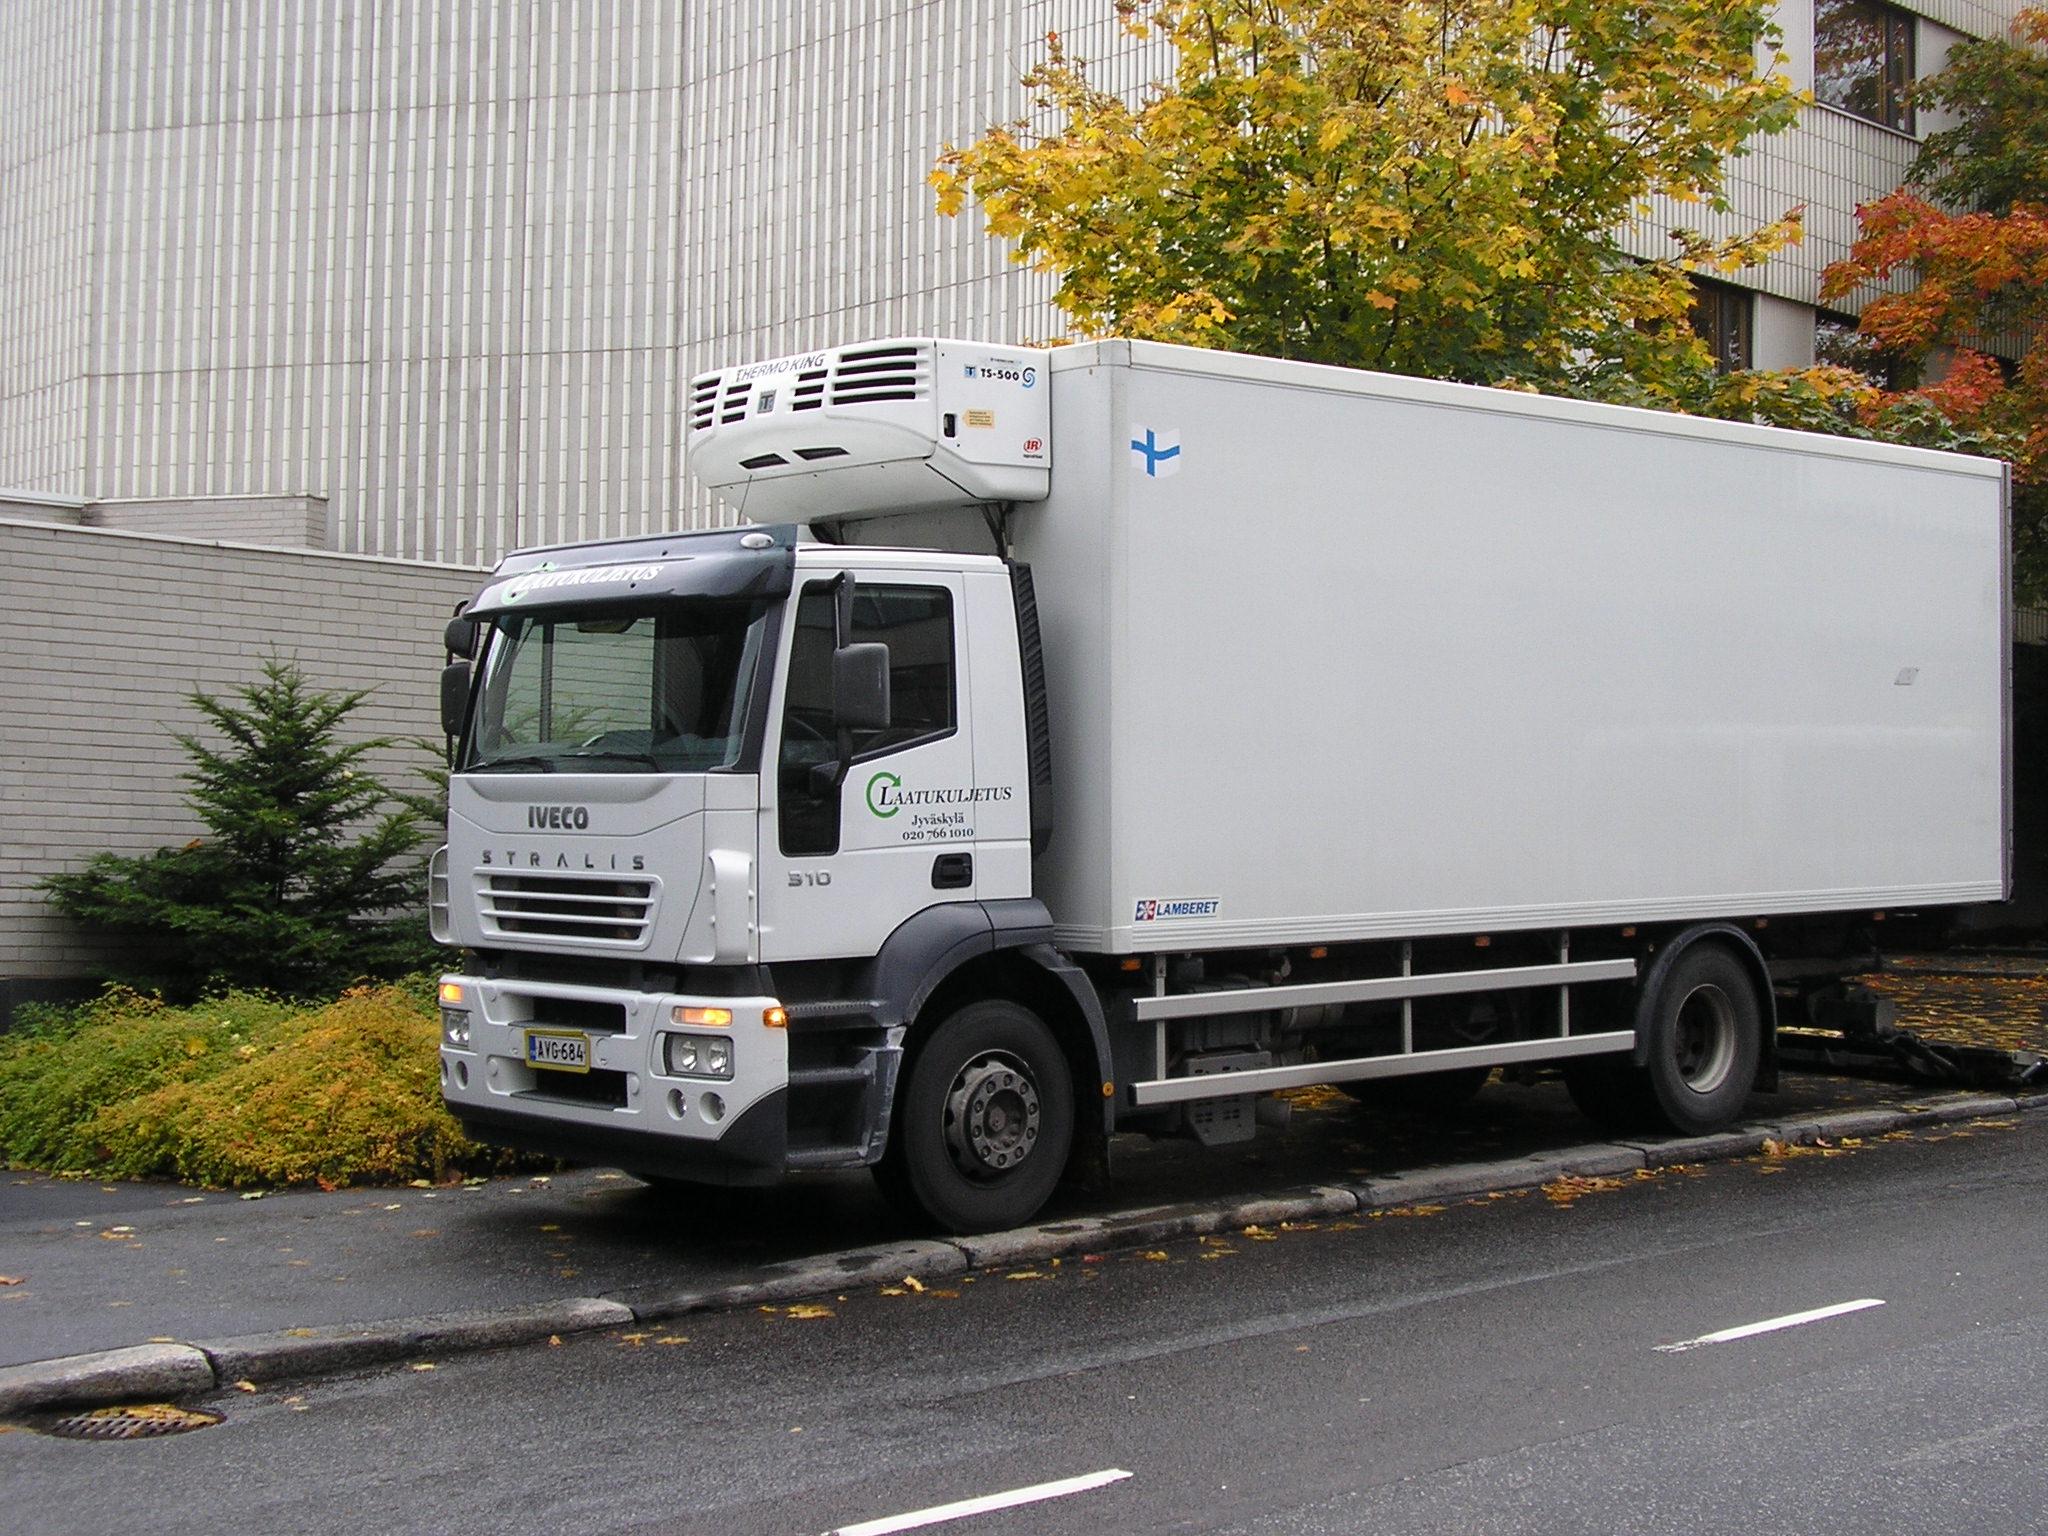 File:Iveco Stralis truck in Jyväskylä.jpg - Wikimedia Commons
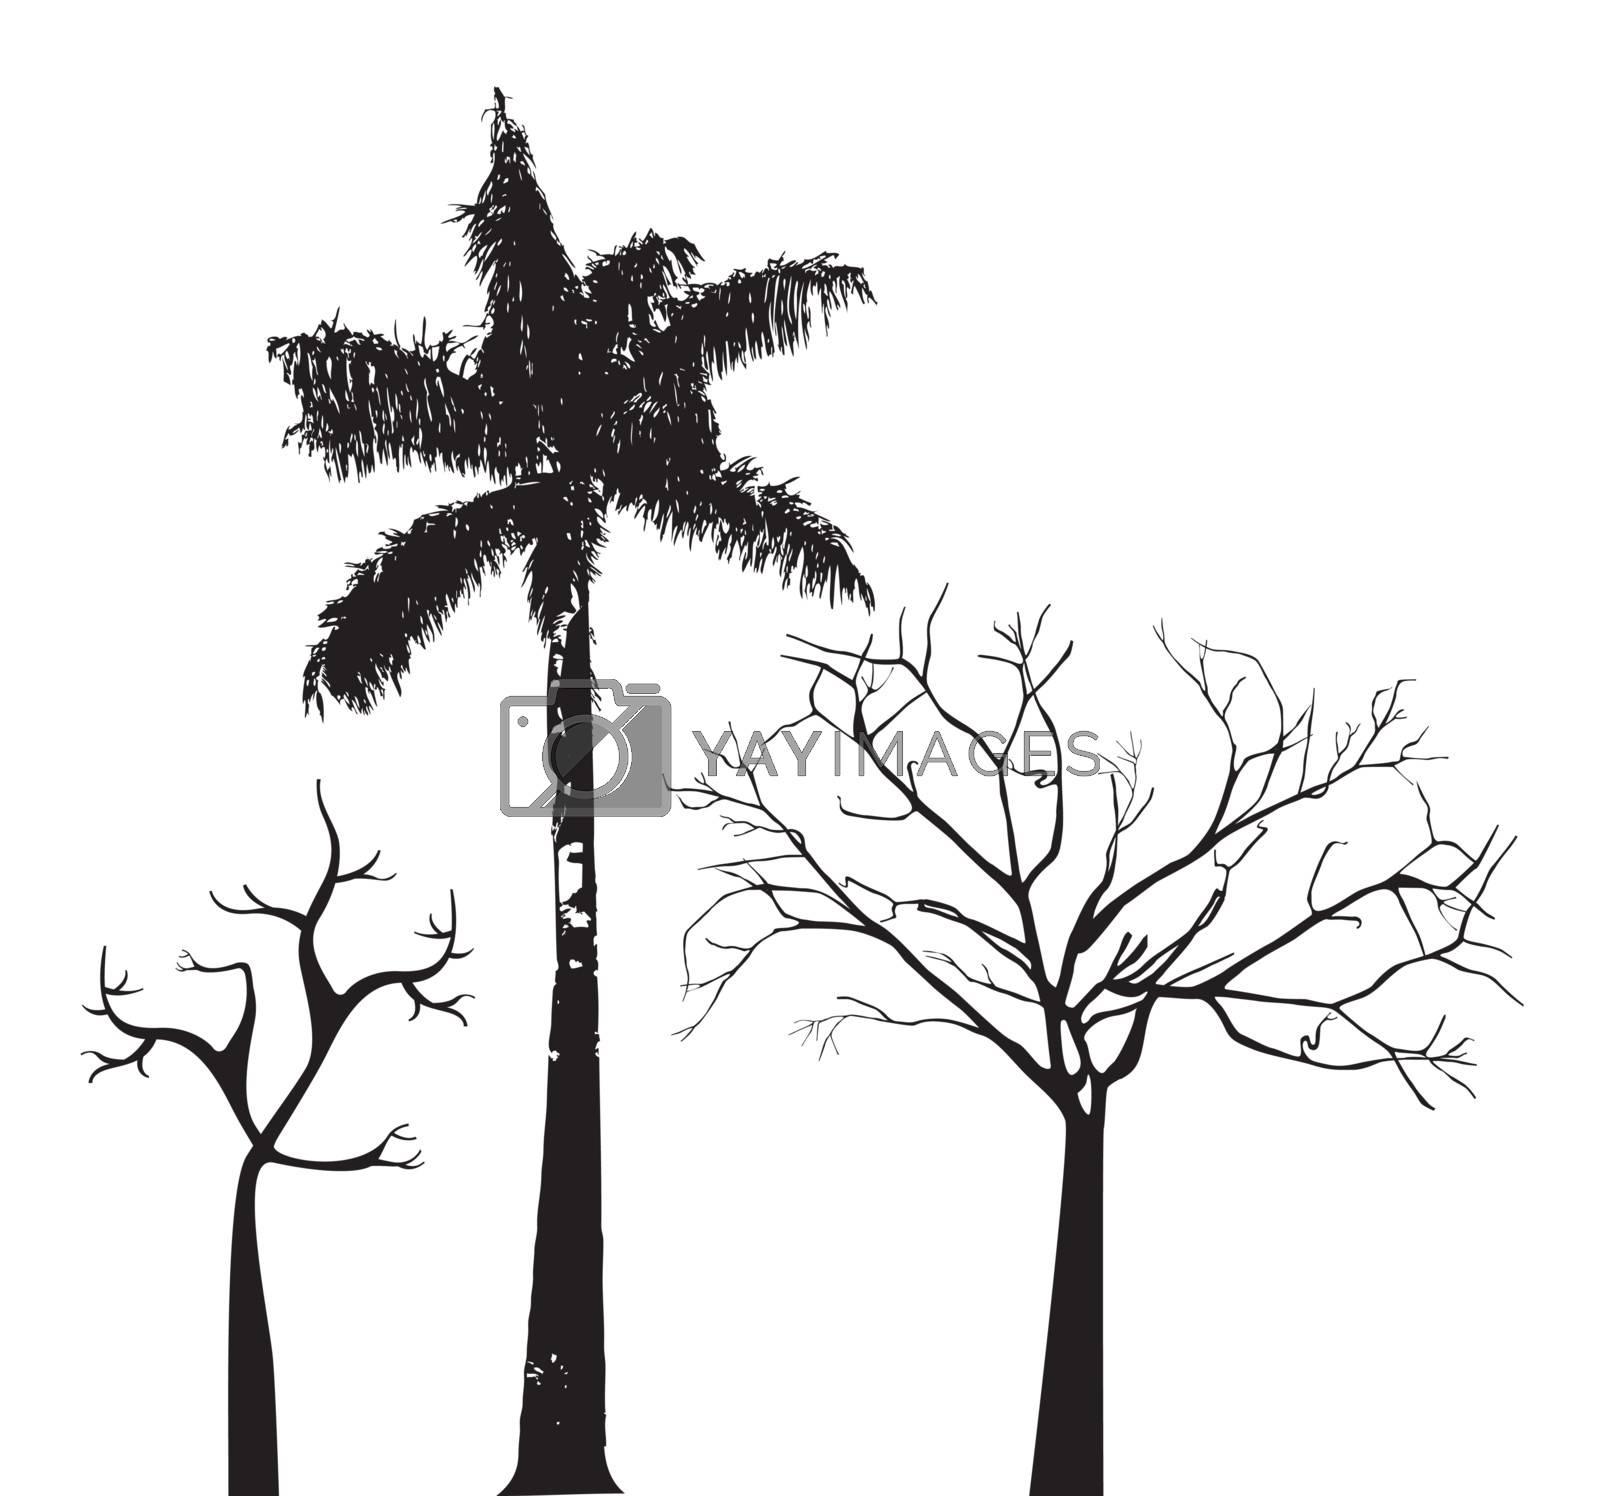 Tree over white background vector illustration. Natural background
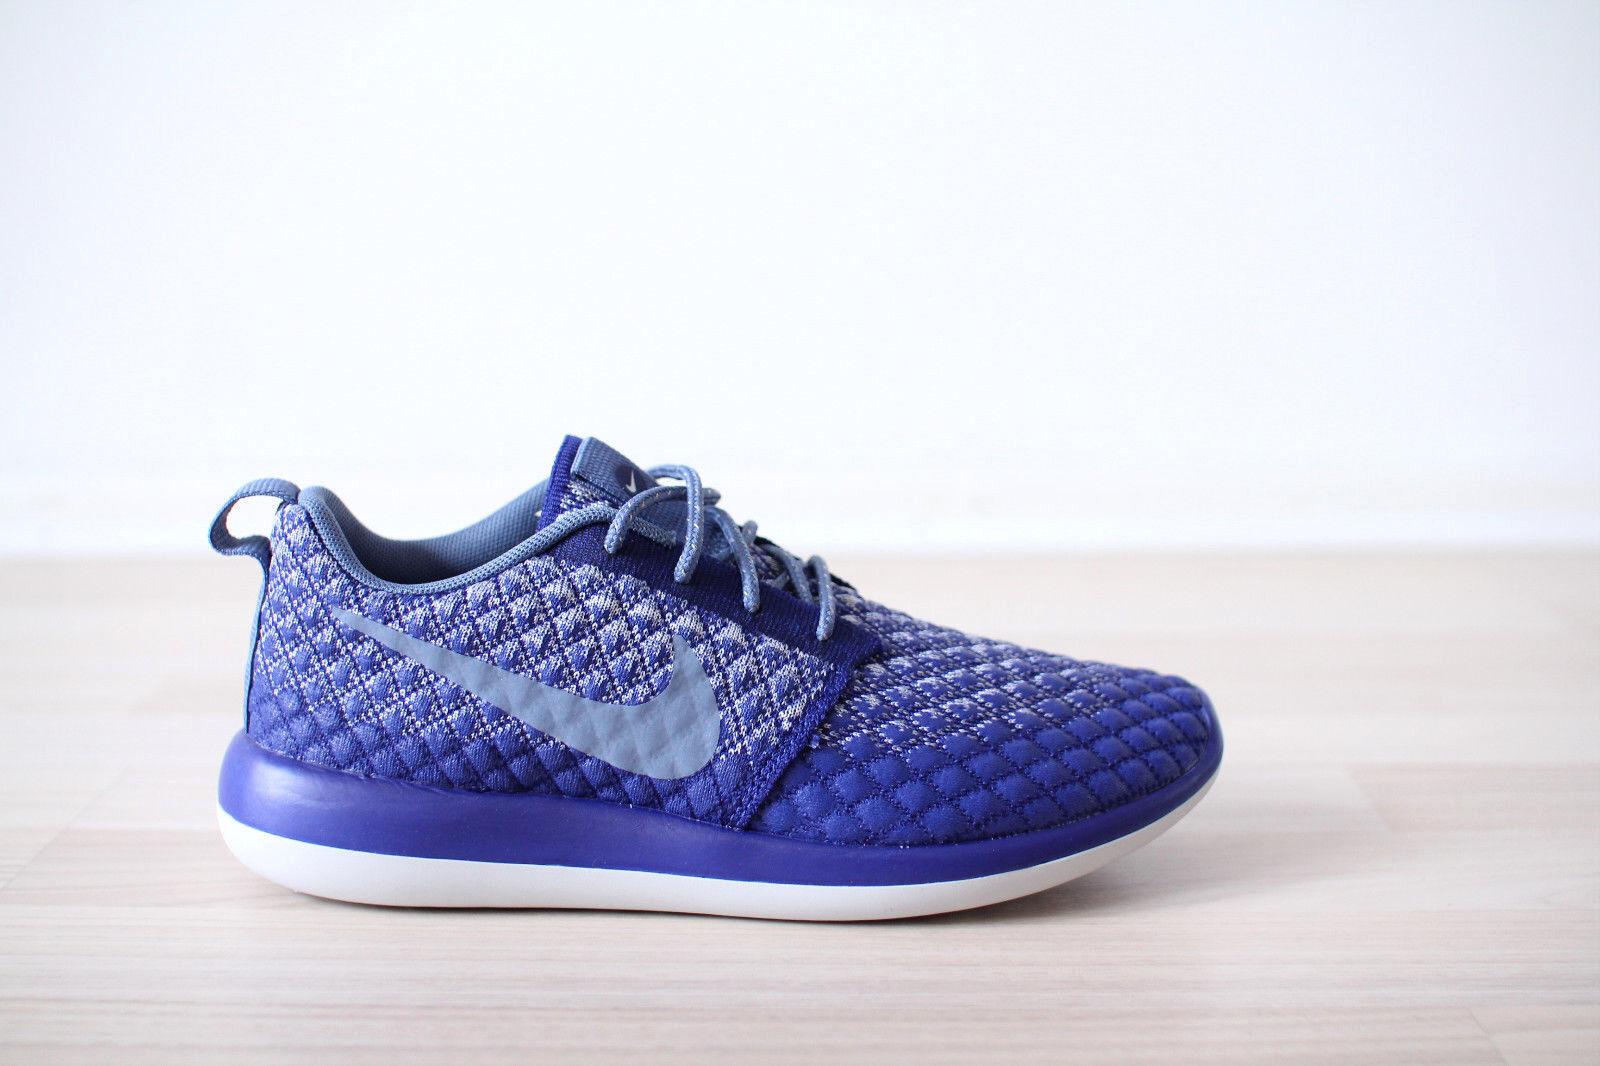 Nike Roshe Two Flyknit 365 WMNS Blau Weiß Gr. 37,38,39,40,41 NEU & OVP

Try it: Give the data again word for word, without pictures.

Exercise result:
 File:Iveco Stralis truck in Jyväskylä.jpg - Wikimedia Commons
 Tree over white background vector illustration. Natural background
 Nike Roshe Two Flyknit 365 WMNS Blau Weiß Gr. 37,38,39,40,41 NEU & OVP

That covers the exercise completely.